Le film a été tourné en partie dans les Prairies et en partie à Montréal. Même si son anglais y est parfait, Macha Grenon a travaillé longuement son accent avec un coach. Six mois auparavant, elle donnait la réplique à Paul Giamatti dans Barney’s Version, tiré du roman de Mordecai Richler. Elle y campait le personnage loufoque de Solange, une actrice ratée qui a néanmoins un gros fan-club en Bulgarie.

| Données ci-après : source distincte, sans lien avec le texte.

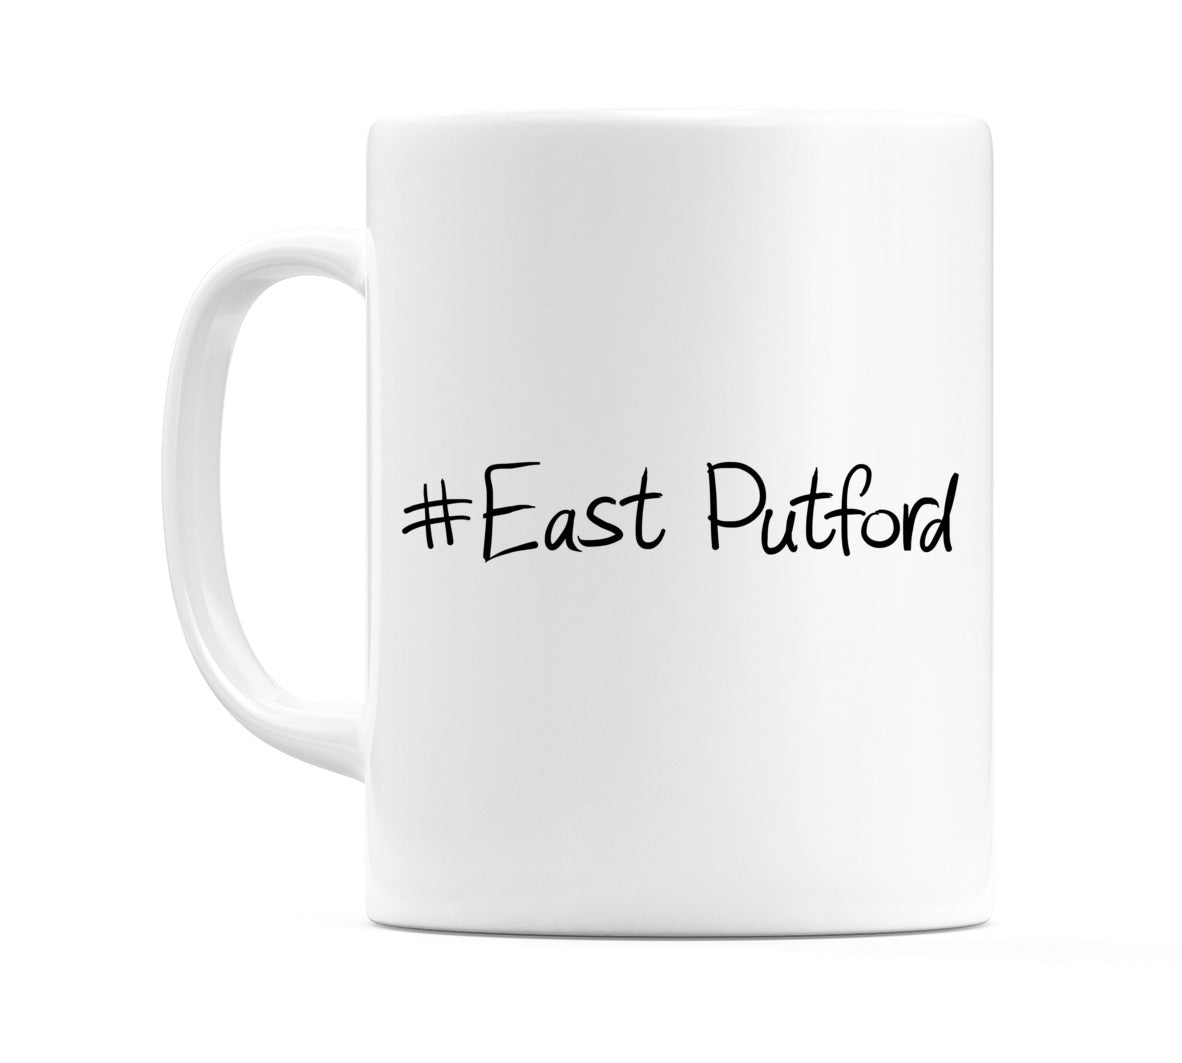 #East Putford Mug

À l’évidence, la carrière en anglais de Macha Grenon se porte bien. Mais pas question pour elle de prendre un agent à Los Angeles ou Toronto. «Je n’ai pas cette ambition-là, dit-elle. Je me considère avant tout comme une actrice québécoise. Mes racines sont ici. Ma vie de femme aussi. Et puis, je me vois mal tourner cinq ou six films par année. J’ai besoin de temps entre les projets et besoin, surtout, de revenir à une vie qui n’est pas en lien avec le milieu artistique.»

De la part d’une fille qui s’en va aux Oscars, autant dire que ces derniers propos font sourire. Macha Grenon les dit d’ailleurs en riant un peu d’elle-même.

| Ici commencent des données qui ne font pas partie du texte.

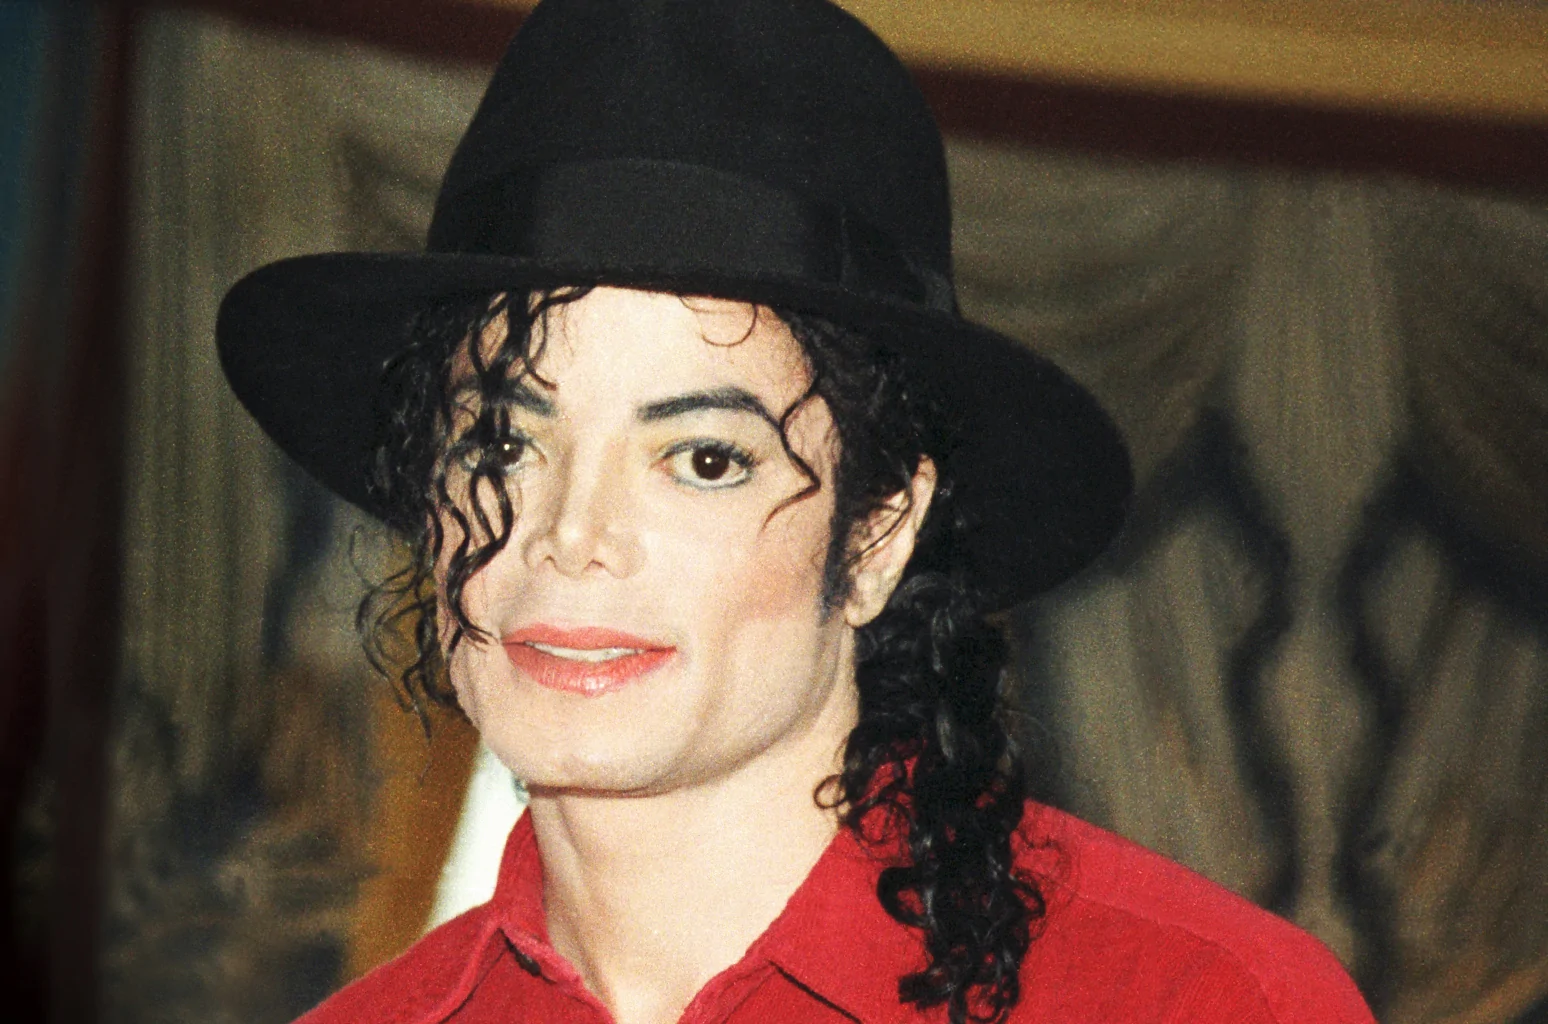 Обвиняющие Майкла Джексона в педофилии настаивают на скорейшем суде

Après avoir résisté avec la dernière énergie à l’idée de s’acheter une robe pour les Oscars, elle a finalement abdiqué. «Sur le coup, j’avais juste envie d’être à l’aise dans une de mes vieilles robes. Après tout, je ne m’en vais pas donner un show. Puis je me suis ravisée et j’ai fini par trouver une robe sobre, discrète, mais de circonstance.» Demain soir, sur le tapis rouge de Hollywood Boulevard, les flashs des appareils photo vont crépiter comme des mitraillettes. Pour Macha et son amoureux qui sont tous les deux très jaloux de leur vie privée, ce ne sera pas seulement la première fois qu’ils vont aux Oscars, mais la première fois qu’ils font une apparition publique ensemble. Autant dire que le moment sera historique.